Written by: Benjamin Bimson CIMA® / BCJ Financial Group
When data points that are “disappointing” turn into good news for the markets, I have to chuckle. This past week a handful of meaningful and important economic indicators should be considered. First, the Fed meeting this week left key interest rates unchanged per economic expectation. Then, on Friday Real GDP for Q2 was released, and the numbers were significantly lower than expected. Consensus expectation was for growth in Q2 to have picked up from Q1 to a 2.6% annual rate. Instead, the GDP numbers that were released indicated only a 1.2% annual expansion rate.1
So why in the world would disappointing numbers result in markets remaining calm, and seem to support the current high valuations in the market? Really the reason is simple. The Fed is the only game in town right now, and the market has stubbornly remained fixated on hoping the Fed keeps money easy for as long as possible.
Despite the Fed’s statement that, “the labor market strengthened and that economic activity has been expanding at a moderate pace,” the market read the GDP data released Friday, along with the statement from the Fed, and concluded that the Fed will have a very hard time raising rates in the next few months. What can we say? The market loves the easy money policy!
Below is the GDP plotted as a percentage change. It looks like it isn’t the end of the world, but it still is giving the Fed a really hard time making the excuse to raise rates. Hovering around the 0 line isn’t exactly an indicator of robust economy.
The good news is that corporate earnings have been mostly in-line with expectations and the FANG stocks (Facebook, Amazon, Netflix and Google), have actually surprised to the upside, which has been great for supporting the current PE ratio.
The following shows the FANG stock prices over last week where you can see the market liked the corporate profit announcements! The breaks trending higher follow announcements.

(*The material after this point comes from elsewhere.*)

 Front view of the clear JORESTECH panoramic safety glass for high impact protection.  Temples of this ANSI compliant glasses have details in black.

This is a good thing since the chart below shows current PE ratios being pretty high, and we really need to keep seeing positive earnings to support these numbers.

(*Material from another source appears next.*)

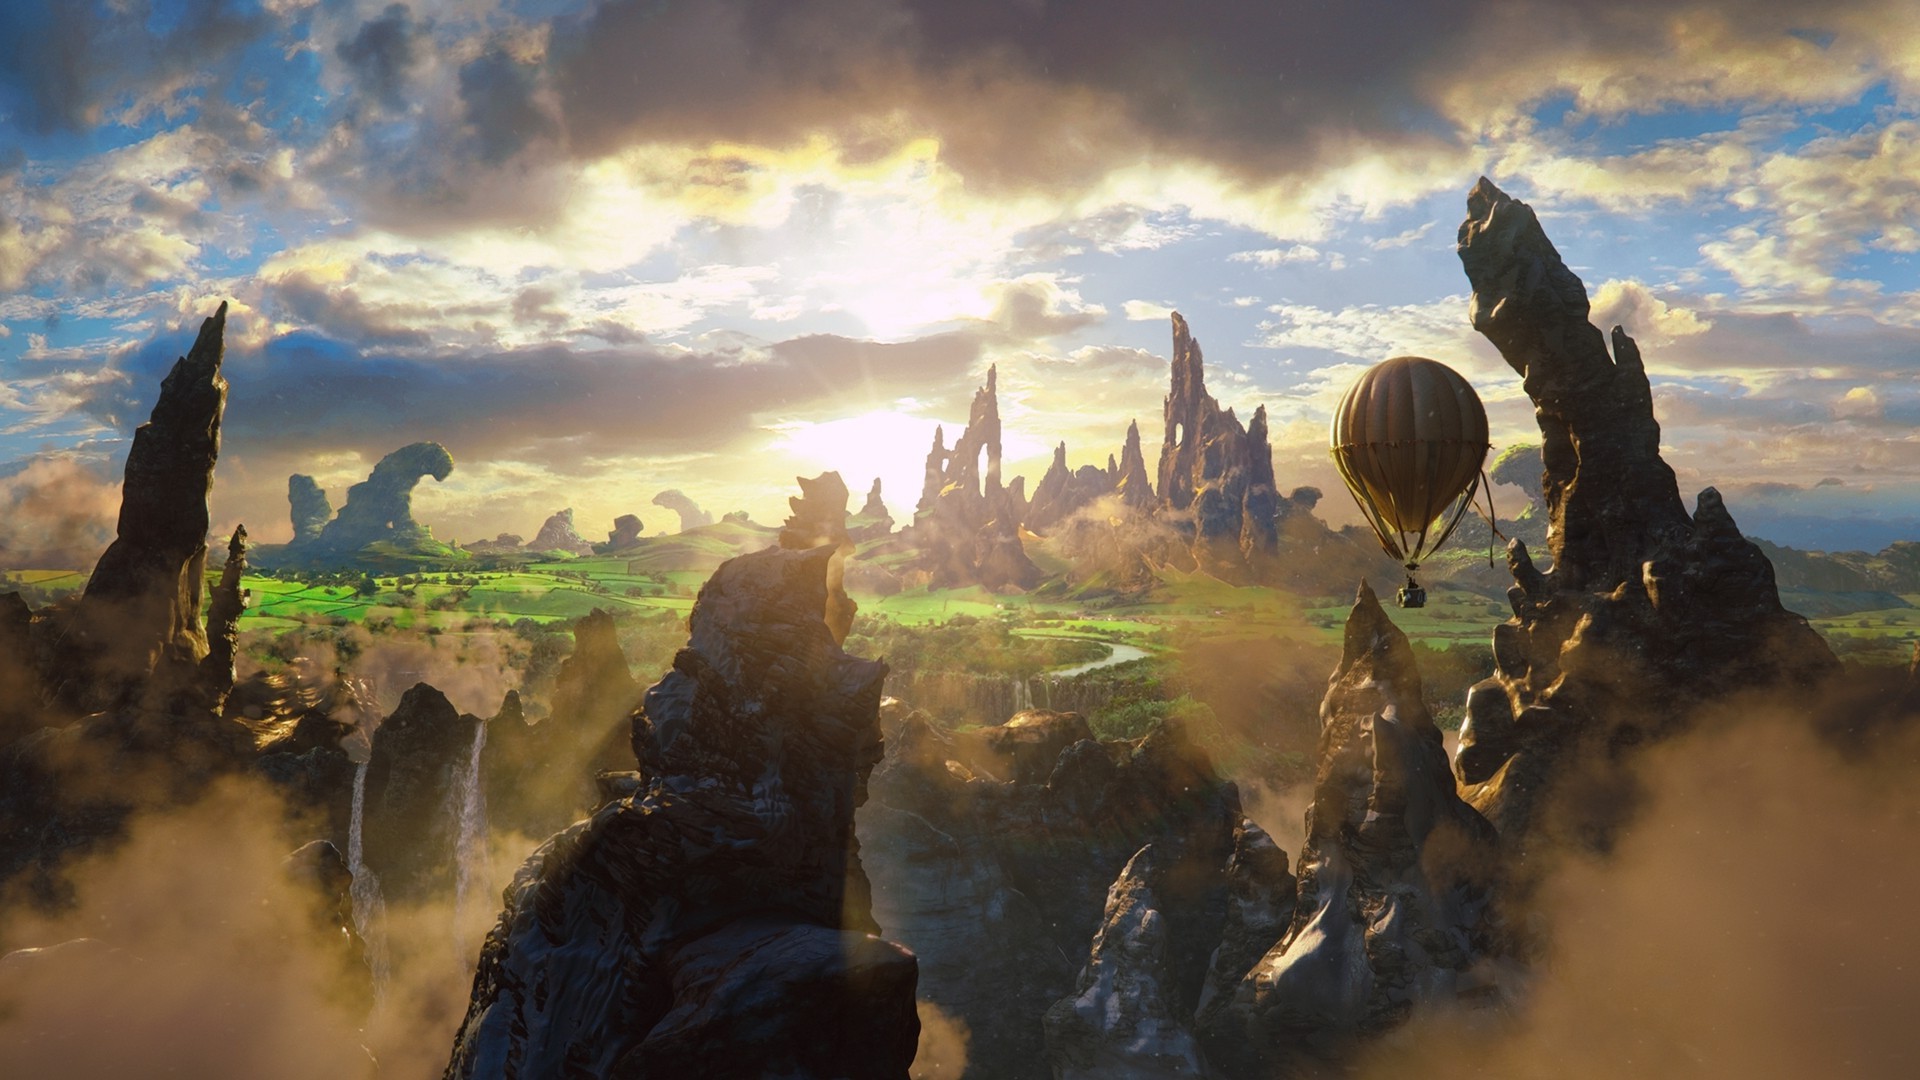 Fantasy Art Oz The Great And Powerful Wallpapers Hd Desktop And Images, Photos, Reviews

So for now, after last week’s data on GDP and the Fed statement, we are looking for continued support at these stock market levels. As we head into the full Presidential election season, deal with arising Brexit issues, and continue to face geopolitical events both inside and outside of the US, some risk still persists.
The markets have the ability at this point to break either direction and we have to be ready to adjust and not be too stubborn to change positions if the data supports it. There is currently enough positive market momentum to remain hopeful that the markets can continue to rally, but the environment can shift very quickly!
1 Consumer Spending Drives Q2 GDP, But Momentum Wanes. Ned Davis Research Group. July 29, 2016. [7/29/16]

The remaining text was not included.